From Medical Correspondent Steve Salvatore

NEW YORK (CNN) - A new approach to cardiac catheterization, a heart treatment pioneered in the 1950s, is making the procedure easier and safer for patients.

Twelve weeks ago, 45 years of smoking caught up with George Wolkiewicz, 62, in the form of a heart attack.

"When I first got the chest pains, I was saying, 'oh my goodness, here I am having a heart attack,' and I was really frightened," he said.

George Wolkiewicz
George Wolkiewicz  

Once doctors diagnosed the heart attack, Wolkiewicz was taken to a cardiac catheterization lab, where a flexible, hollow tube called a catheter was placed in his groin up to his heart.

The catheter is used to take pictures and often to help unblock clogged coronary arteries, blood vessels that feed the heart the oxygen it needs to pump.

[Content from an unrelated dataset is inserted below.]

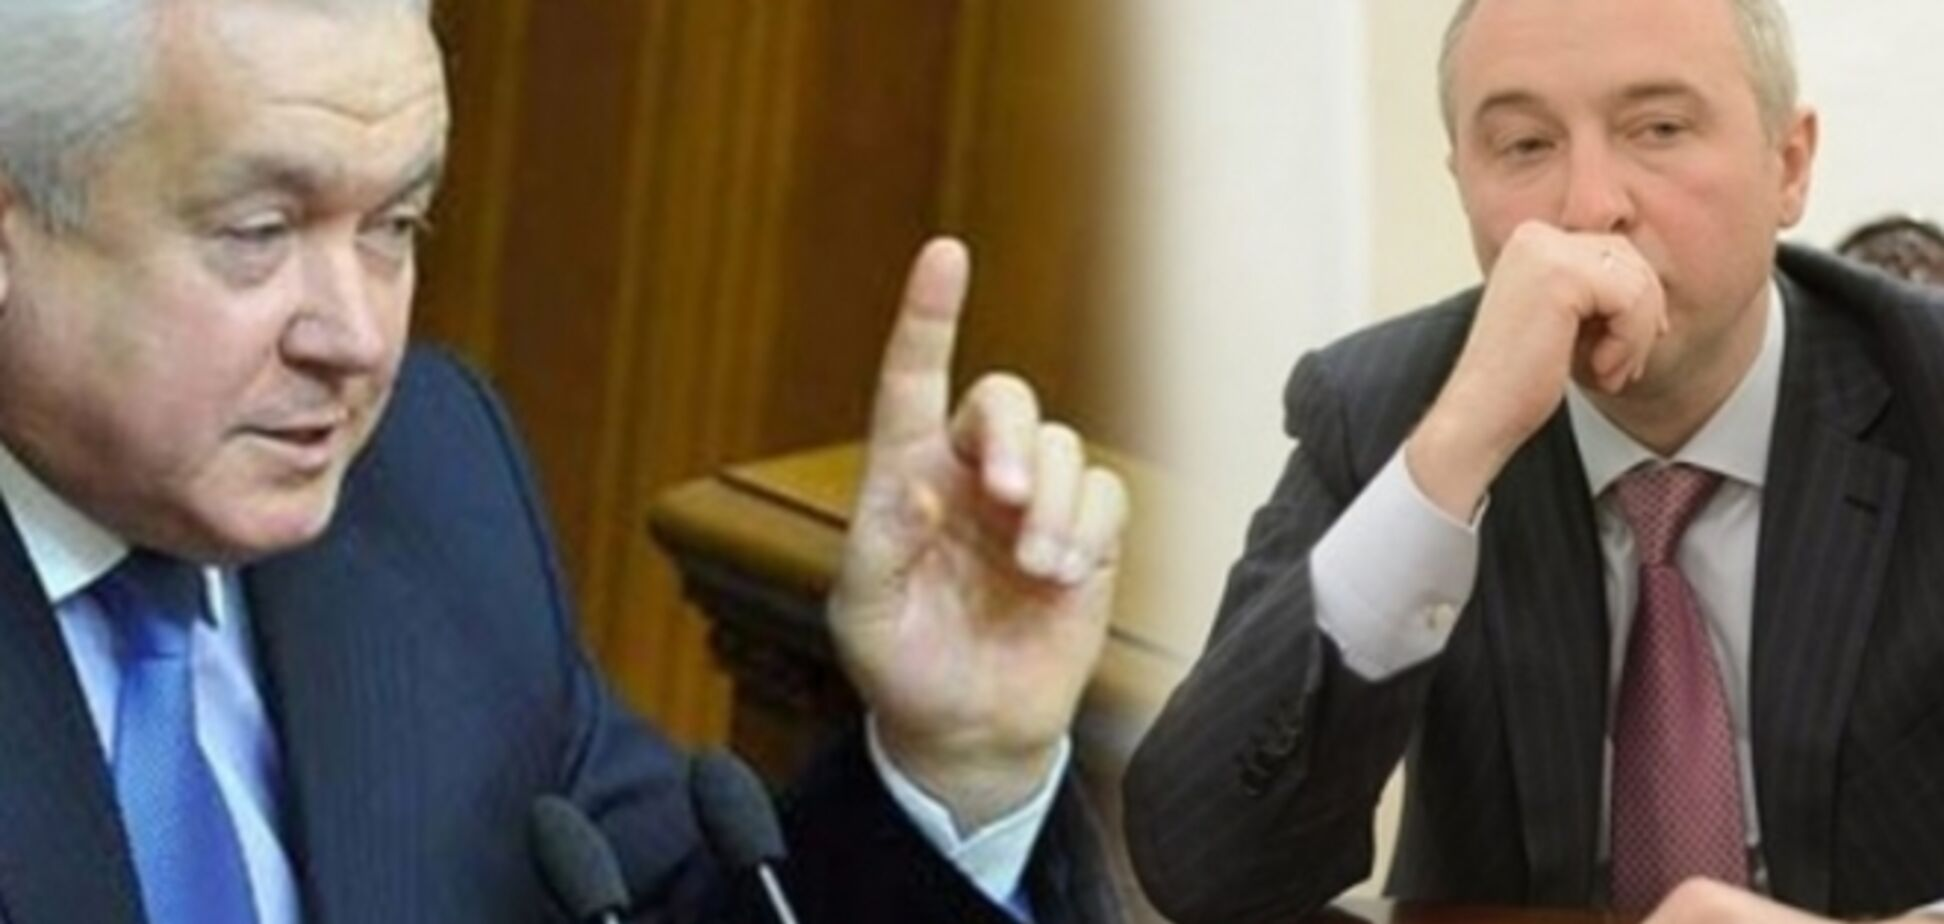 ГПУ оголосила екс-нардепів Калетника та Олійника в розшук через закони 16 січня

"It was about eight hours they had that sandbag on my groin," Wolkiewicz said. "They had my legs tied separately so I couldn't cross them. It was uncomfortable; I couldn't use the facilities."

Dr. Meyer Abittan
Dr. Meyer Abittan  

But he continued to have symptoms of heart trouble and was transferred to St. Francis Hospital in New York under the care of invasive cardiologist Dr. Meyer Abittan.

"George was presented with discomfort while walking that concerned him because he had chest discomfort in the past and required a procedure on his heart to fix it," Abittan said.

For Wolkiewicz's second catheterization, the tube was placed through a radial artery in the wrist rather than the groin, a technique advocates say has significant advantages.

cardiac catheterization
The newest advancement in cardiac catheterization includes inserting a tube through an artery in the wrist rather than an artery in the groin.  

"The radial actually has been shown to have less risk because nerves travel in the middle of the wrist, away from the arteries," Abittan said. "Whereas, in the leg, they travel very close together and sometimes nerve damage can occur."

Wolkiewicz said the difference in recovery was dramatic between the two procedures.

"Within an hour, I was feeling like a million," he said. "I could've played golf."